I decided to teach my six year old daughter the finer points of sarcasm. (I knew that I'd be throwing a lot of it around this week.) After a week of working on it, she has become very good at identifying sarcasm. You would think that would be easy considering more than half the things I say around the house are sarcastic, so she has plenty of examples to learn from. There are a couple of problems that popped up during this week of "education."

Apparently, sarcasm isn't as simple and straight forward to a kindergartner as it is to an adult. Who would have guessed?? I quickly learned that helping her identify sarcastic statements was the place to start. She can now see a sarcastic comment coming from a mile away. That in itself brings problem number one into play.

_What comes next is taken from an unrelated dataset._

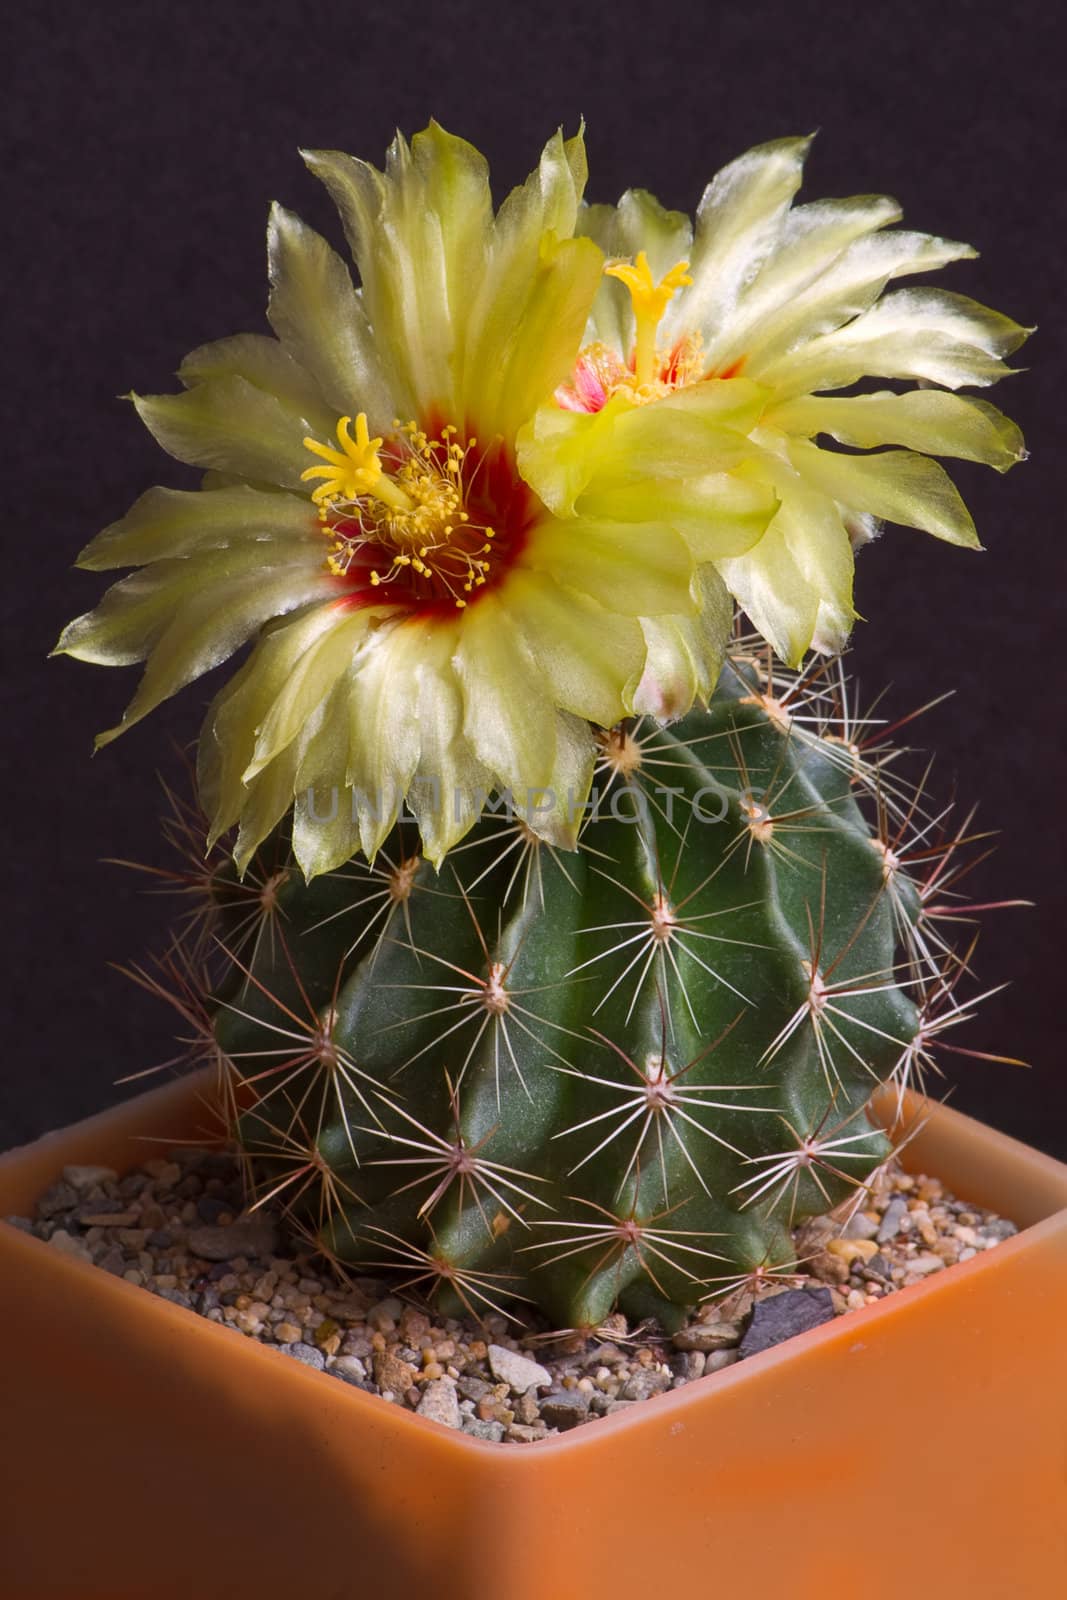 Cactus with  flowers  on  dark background (Notocactus).

My wife and I can no longer use sarcasm to hide our dislike of certain activities around the house. I guess that just means she's going to get a little lesson on brutal honesty while we're at it. I do have to be careful right now while she's sick though. Telling her that "this is going to be a really fun night" while she's throwing up doesn't really go over so well now that she understands sarcasm.

Although she has become very good at identifying sarcasm, her ability to make sarcastic comments is still a little lacking. Her first attempts at sarcasm started out as a "fun way to tell a lie." Making lie telling fun was certainly not my intent, so I made sure to tweak that right away. She has now progressed to telling half truths - which is a step in the right direction, but still not quite right. She has the sense of humor of someone much older than her, so I am excited to see what happens as she grows into her sarcastic abilities.